如何转换“ <p> 一种 </p> , <p> 乙 </p> , <p> C </p> ”变成数组?

[英]How can I convert “<p>A</p>,<p>B</p>,<p>C</p>” into an array?

I want to convert <p>A</p>,<p>B</p>,<p>C</p> into an array like: 我想将<p>A</p>,<p>B</p>,<p>C</p>转换为一个数组,例如:

["A","B", "C"]

I tried .scan(/(<p>)(.*?)(<\\/p>)/i) . 我尝试了.scan(/(<p>)(.*?)(<\\/p>)/i) What's the most convenient/robust way in Ruby, with more fault tolerance? 什么是Ruby中最方便/最可靠的方法,并且具有更高的容错能力?

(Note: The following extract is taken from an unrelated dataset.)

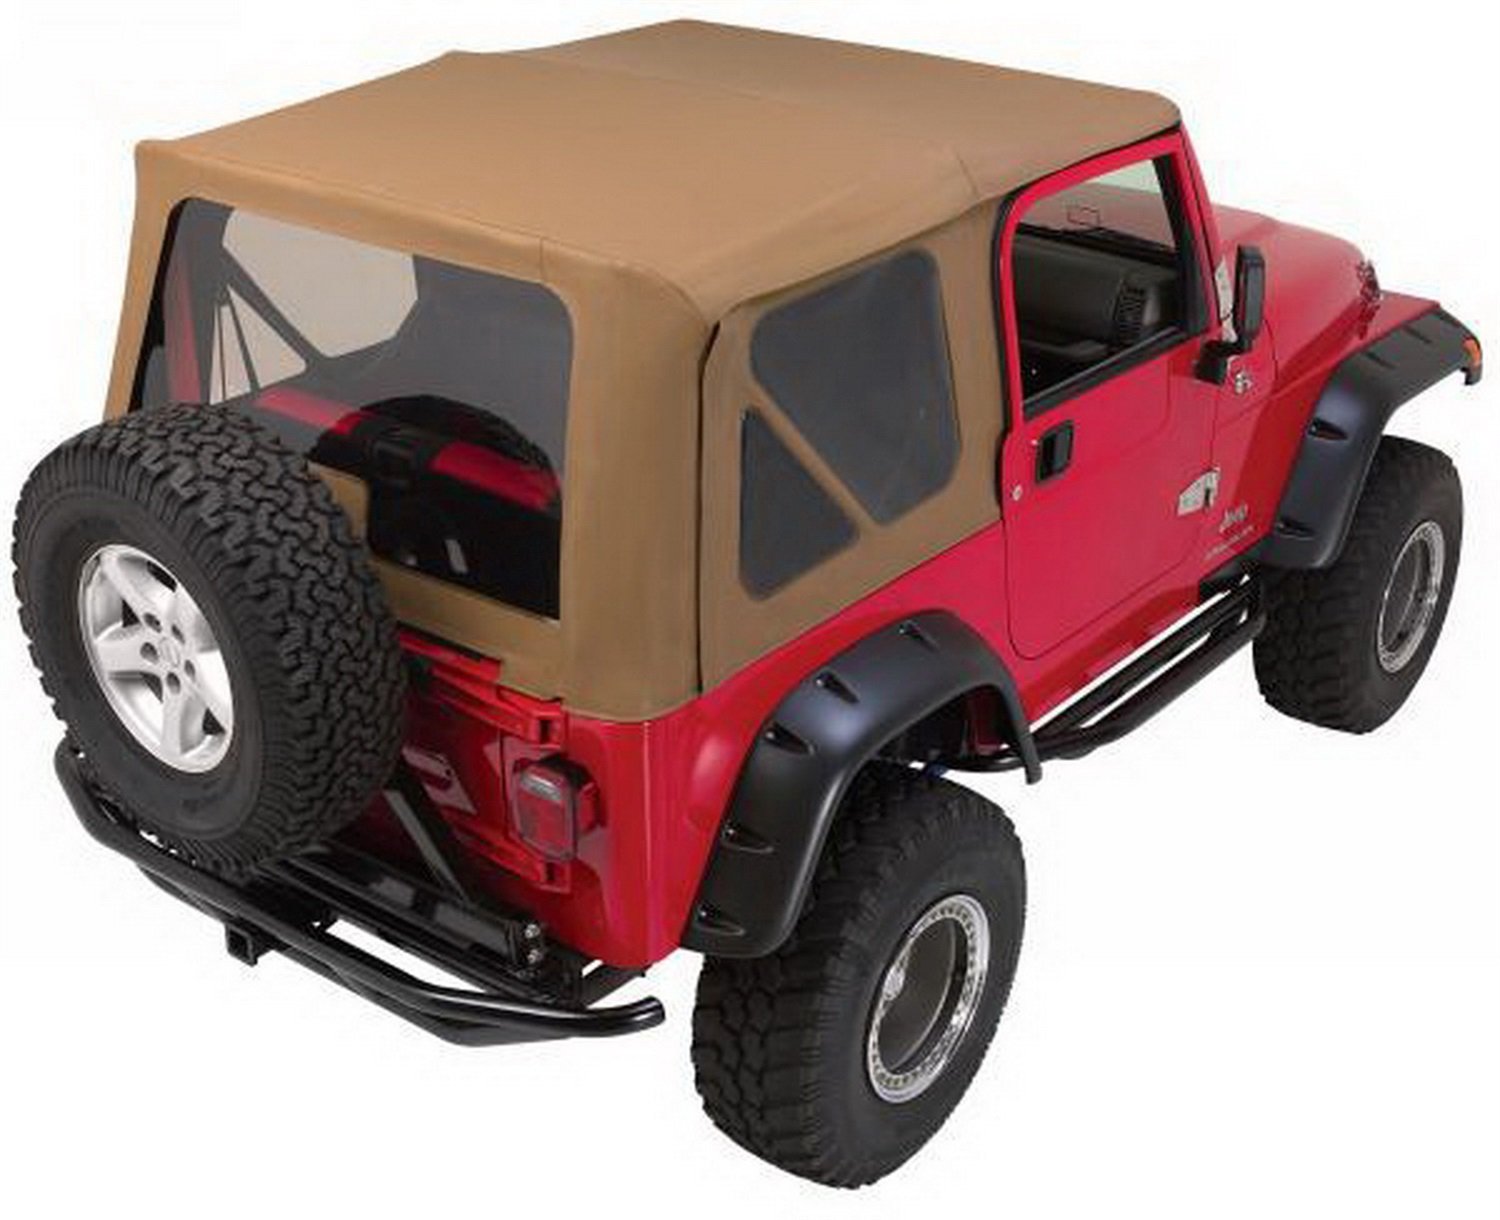 68817 Complete Soft Top Frame and Hardware Kit for 1997-2006 Jeep Wrangler TJ with Full Doors [Spice Denim]

Use Regex on Your String Fragment 在您的字符串片段上使用正则表达式

If you know your HTML tags will always be lowercase, and your paragraph bodies will always be capitals, then this will work: 如果您知道HTML标记将始终为小写字母,并且段落主体将始终为大写字母,那么它将起作用:

"<p>A</p>,<p>B</p>,<p>C</p>".scan /\p{Upper}/
#=> ["A", "B", "C"]

but it will be brittle. 但是会很脆。 This certainly works for your posted corpus, though. 不过,这当然适用于您发布的语料库。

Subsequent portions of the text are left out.